Wednesday, September 28, 2011

Another Email Newsletter Goes Out, and I Think About How Different Marketing Was at the Bookstore in the Past.

I was talking to Liz at Little, Brown getting our details together about Stacy Schiff's event for Cleopatra: A Life at the Milwaukee Public Library's Centennial Hall next Tuesday (October 4, 7 pm, free, buy tix to the Cleopatra exhibit at the Milwaukee Public Museum here).  She mentioned it would be nice for her to be able to put a note in her email newsletter saying she can't reply because she's working.  Needless to say, that's something you can't do at a big publisher.  Isn't it great being a little bookstore?

That said, I find that while the email is up, I can't get much else done.  I'm so glad Stacie is managing our Twitter deck because it just seems all-consuming to me.  I'm trying to remember what my life in the bookstore was like twenty years ago.  We had computerized our inventory at most of the stores before I started.  The Grand Avenue Schwartz get their inventory once a week on a fiche (plastic sheet that you read through a magnifier), which was also the way we checked stock from our wholesalers. We did our ordering through phone, though I actually did mail orders to sales reps in the 1980s.  With a stamp and everything. 

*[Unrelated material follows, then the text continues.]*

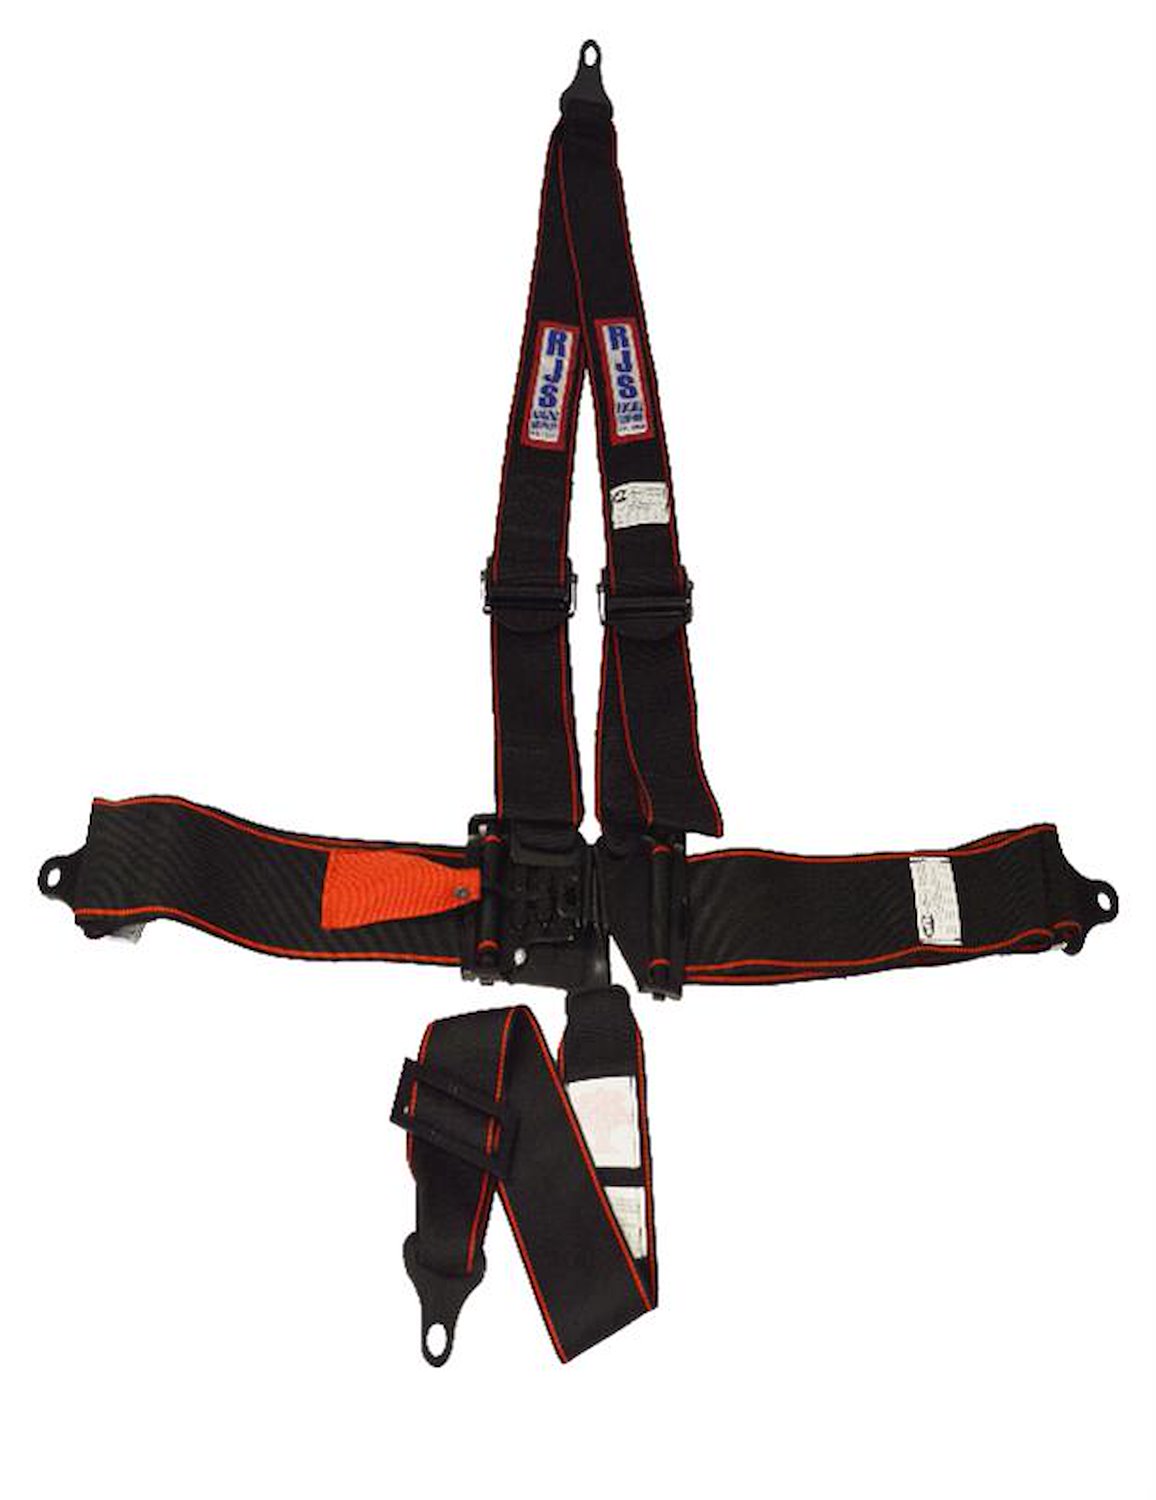 SFI 16.1 ELITE L&L HARNESS 3 PULL UP Lap Belt 3 Shoulder Harness Individual FLOOR Mount 3 DOUBLE Sub ALL WRAP ENDS BLACK/RED

Folks still complain that we don't send out enough print newsletters, and if we had a little more time, we might do three instead of the two we do per year.  But there was a time that Schwartz sent out ten newsletters a year. Between the postage and the printing, the costs were quite high, which is why we got aggressively into using coop funds.  But that newsletter was only around for about 15 years.  When I started, there was no customer newsletter and our holiday catalog was a package that we purchased. We used an agency for ads and they had to be laid out with advance book jackets we'd receive from the publisher.

With my comments on Just my Type in the newsletter, one of our customers wrote back, saying she loved the book, and hadn't seen the fonts.com website.  She in turn told me about the Hamilton Wood Type and Print Museum in Two Rivers.  She's attending the Wayzgoose type conference in November.  It's sold out, but there's a waiting list. Oh, to think about setting type for a book old school. It wasn't really that long ago. 

No comment on the rate of change and all that. Here's this week's email newsletter.

1 comment:

  1. I second the tip on the Hamilton Wood Type Museum! It's kind of magical. But then, I'm a geek about those sorts of things.